KWS Lili is a hard-milling Group 2 variety but is now becoming out-classed. It has a high Hagberg falling number, but tends towards low protein content, so careful nitrogen management is required if looking for a premium market. It has stiff straw but yield loss when untreated is very high. It has performed particularly well on lighter soils and is best suited to first wheat situations. It is relatively late maturing for a hard-milling variety.
RGT Saki is new soft feed variety, but it is rated poor for distilling. Its main agronomic value comes from a good untreated yield and prolonged green leaf retention. Specific weight and Hagberg figures are intermediate. Resistance to both yellow rust and Septoria tritici are very good. It has stiff straw and has performed well as a second cereal, though maturity is late.

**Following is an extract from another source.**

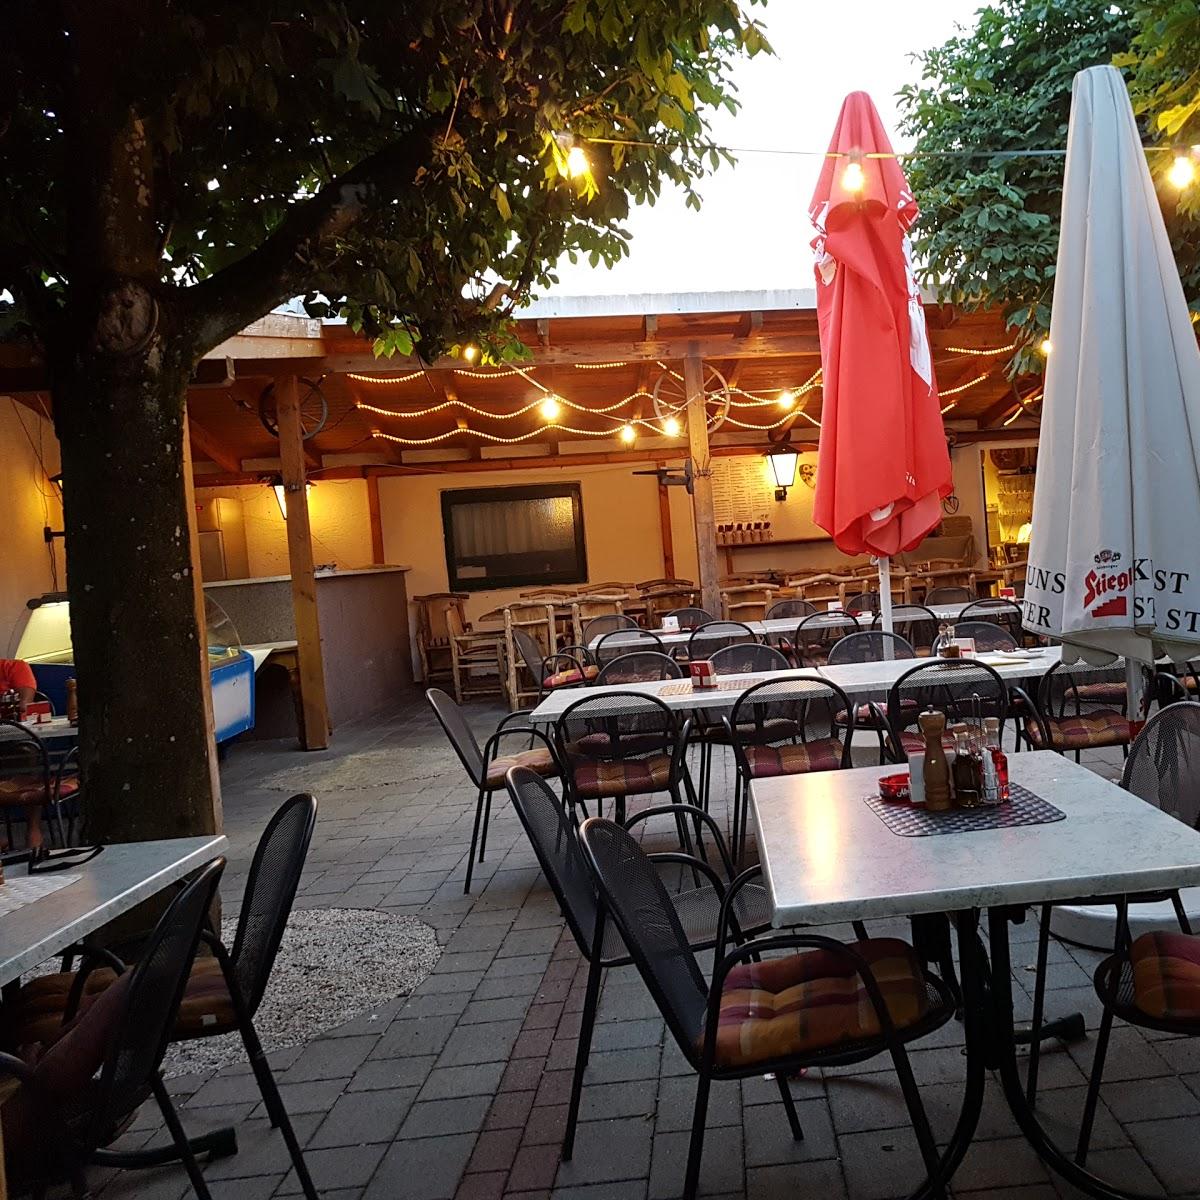 Restaurant "Zum Italiener" in Attnang-Puchheim

SY Insitor is a new hard feed variety with very high treated yield combined with excellent specific weight and very good Hagberg figures. Septoria tritici resistance is above average, but its resistance to yellow rust has been overcome, thus green leaf retention is poor. Its intermediate straw stiffness benefits from a good PGR programme. It looks good as a second cereal.
Check the AHDB website as yield and grain quality data come in. ADHB will also be considering how best to use disease ratings according to recent seasonal trends and changes in resistance.
The average yield loss when untreated is about twenty-five percent of the treated crop, or more than 2 tonnes per hectare. This will be higher still if Septoria tritici is chronic or yellow rust severe. Whilst there is variety differentiation in yellow rust resistance, even those with high ratings should be monitored closely.
When making autumn choices, first consider Group 4 for distilling and soft feed, but look to support with others that provide business or agronomic value. Some Group 3 biscuit-making varieties also suit grain distilling, whist other feed or hard milling varieties add useful diversity or market options.